I have been a part of a group on Sunday night who are contacting people who have visited our church.  One of the requirements of participating in the group is to write an account of how you came to believe in Jesus as the Son of God, and how it has changed you.  So I am going to practice on all of you out there.  I have to do it in 250 words or less, which I doubt I can do--but, here goes.

I was raised in a family of practicing Christian people.  I heard about Jesus every Sunday in church, and everyday at home.  When I was 8 or 9, I went forward during the song "I Surrender All."  I surrendered all a child had to surrender.  I was a good kid growing up.  I never drank, smoked,  etc. nothing that was classified as "sin," and still don't to this day.

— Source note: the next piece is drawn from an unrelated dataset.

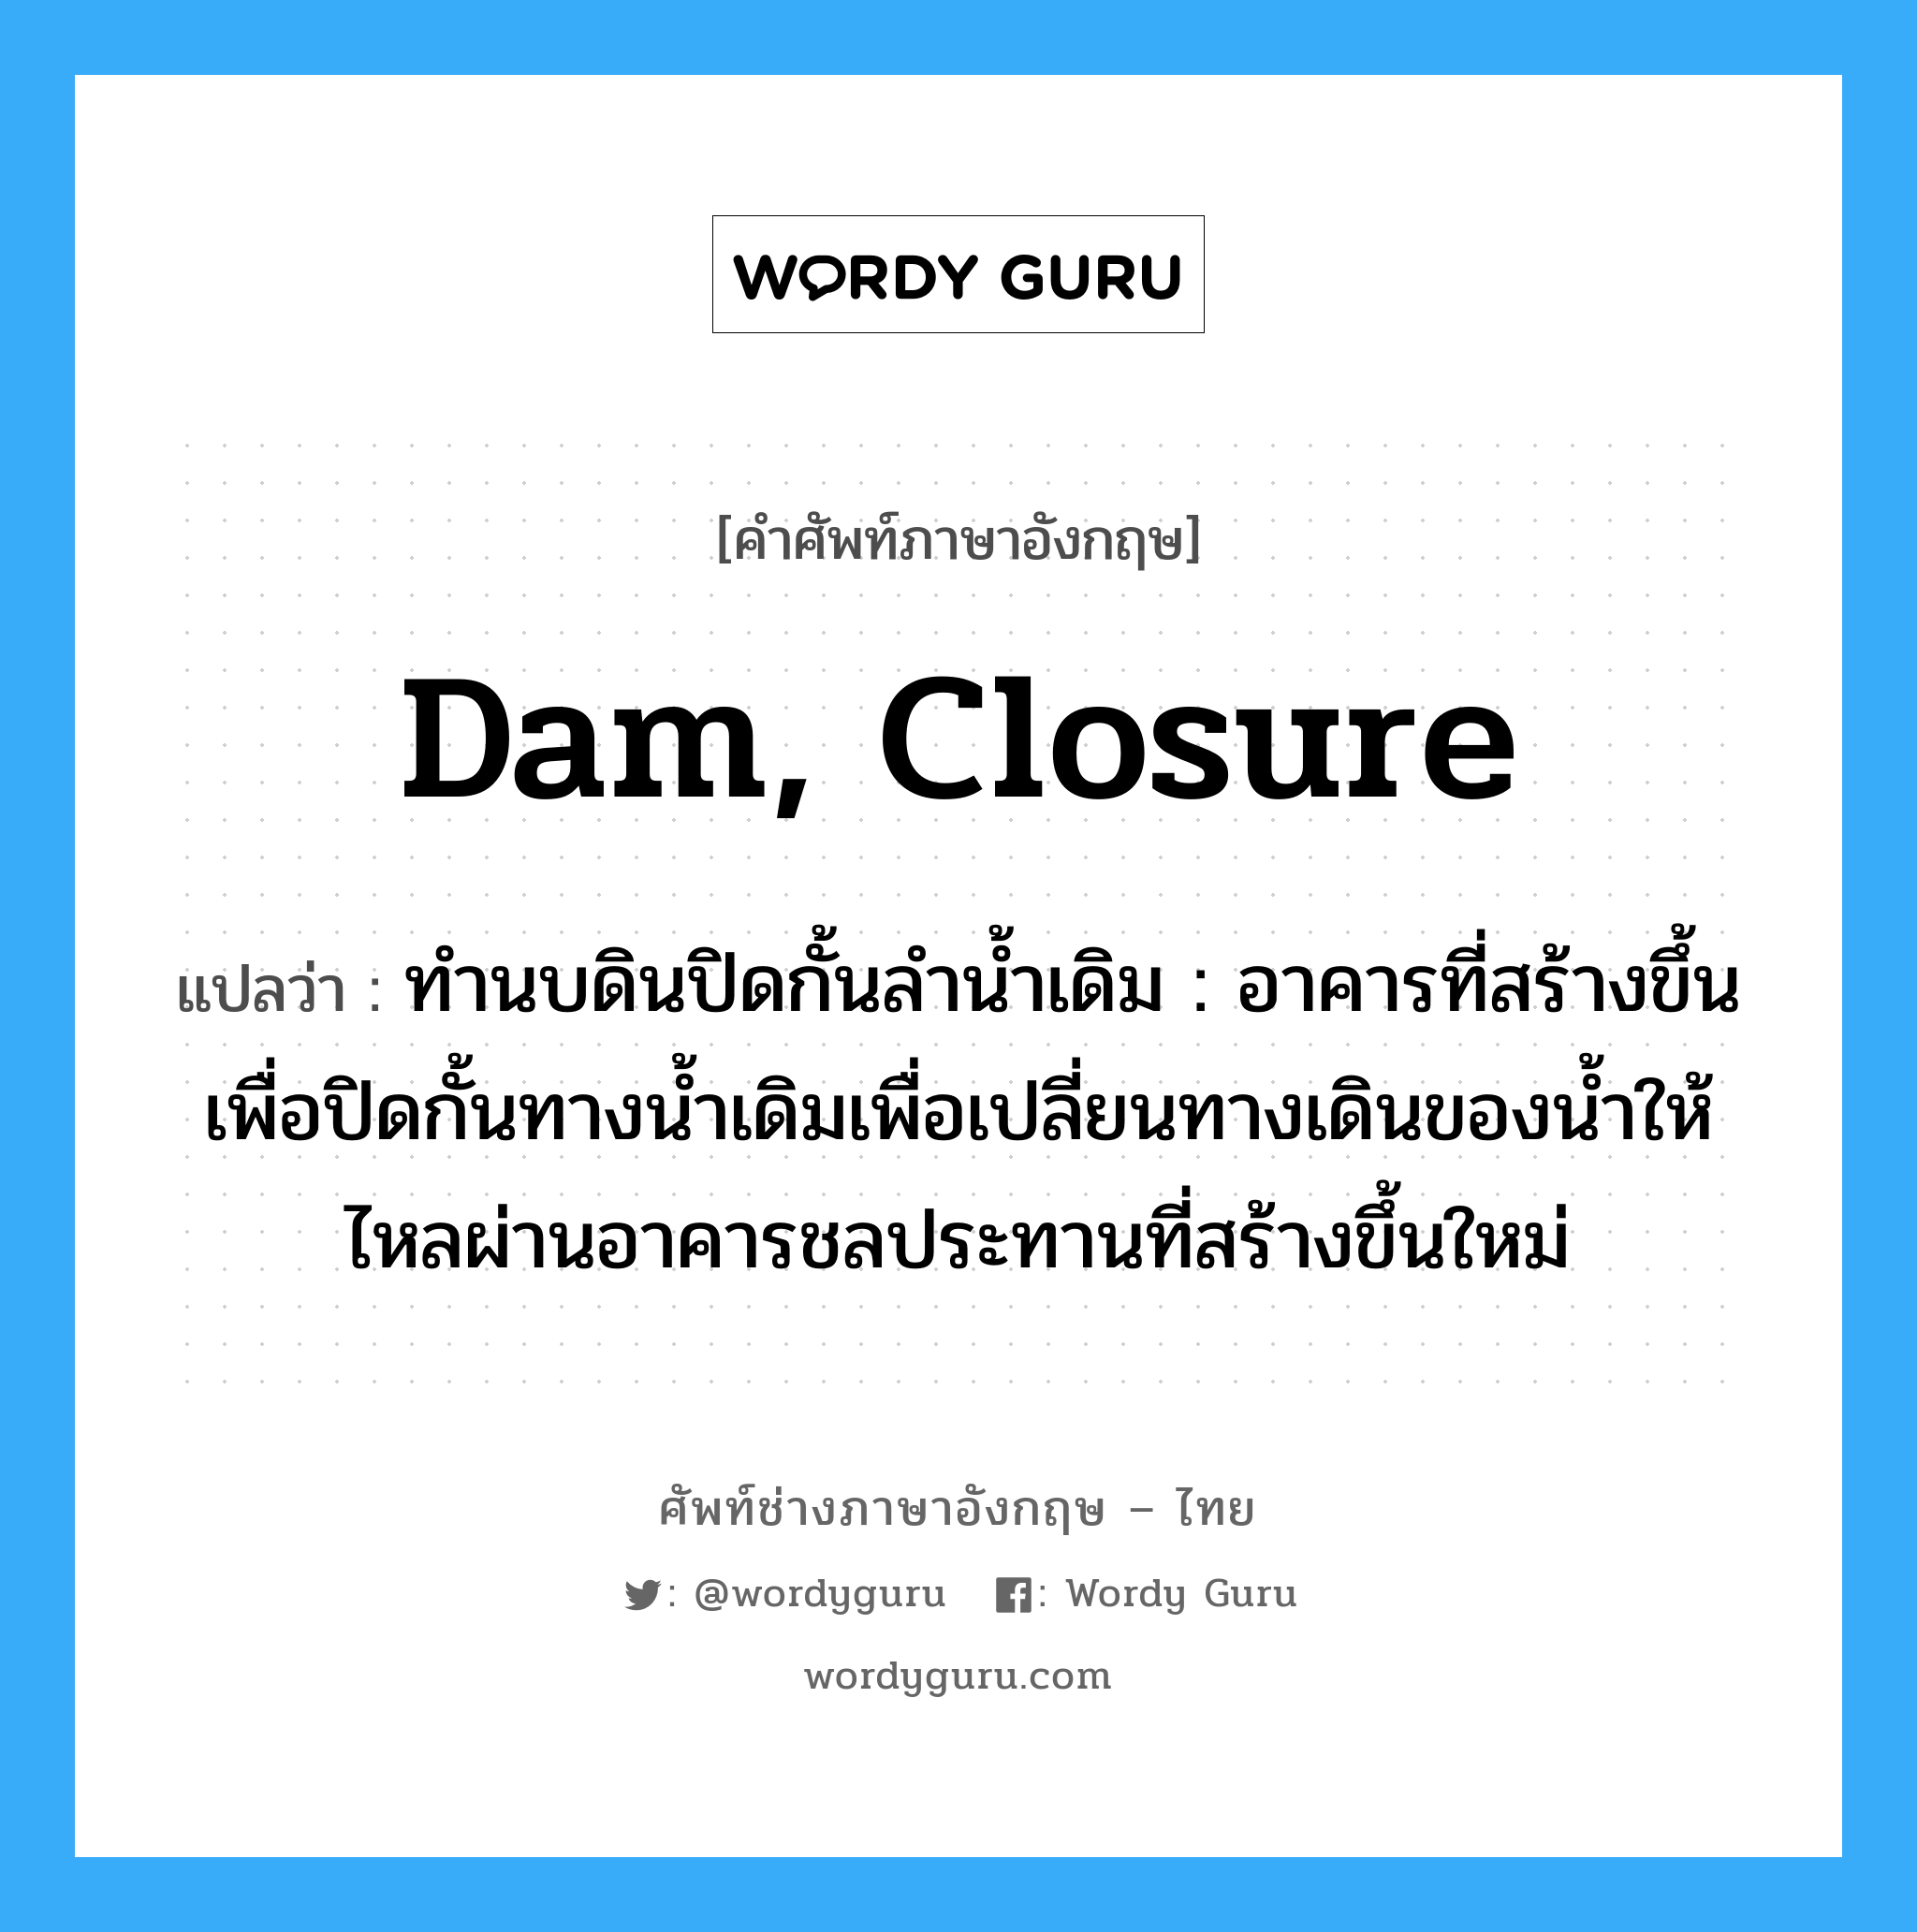 dam, closure แปลว่า?, คำศัพท์ช่างภาษาอังกฤษ - ไทย dam, closure คำศัพท์ภาษาอังกฤษ dam, closure แปลว่า ทำนบดินปิดกั้นลำน้ำเดิม : อาคารที่สร้างขึ้นเพื่อปิดกั้นทางน้ำเดิมเพื่อเปลี่ยนทางเดินของน้ำให้ไหลผ่านอาคารชลประทานที่สร้างขึ้นใหม่

I was 23 years old before I needed to repent.  I was listening to a Billy Graham sermon on sin, and he didn't mention any of the so called sins I had heard about growing up.  He talked about greed, stinginess, spite, thinking you were better than others, and on and on.  Hitting me over and over.  I repented.  And prayed that my three girls wouldn't have such a hard time coming to repentance since they too were being raised in a Christian family.  That they would spend eternity with Him.  Within five minutes of praying that prayer, and laying our youngest daughter in her crib while I went to get her a bottle, she was dead.  One minute she was alive, the next minute, she wasn't.  I credited God with her death, and that my prayer had caused her death so that she could spend eternity with Him.

For four years, I struggled.  I couldn't sleep for fear one of my other three children was going to die.  That God would take one of them, too.  One day, a friend said, "Janie, you don't trust God.  You have given Him your life, but you haven't given Ken and your three children back to Him."   It was true.  I knew that I didn't trust Him with my family.

So, I told God I didn't trust Him.  He knew it anyway.  I had surrendered all as a child, but I needed to surrender all as an adult.  It was horrendously difficult.  But one day, a moment came when I was able to say, "You've got it.  Me, Mine, and everything I possess."  I can tell  you one thing for sure,  there is no peace in your life until you surrender, repent and trust God--you must do all three things.  I know.  Whatever God wants, I have surrendered.  All of it.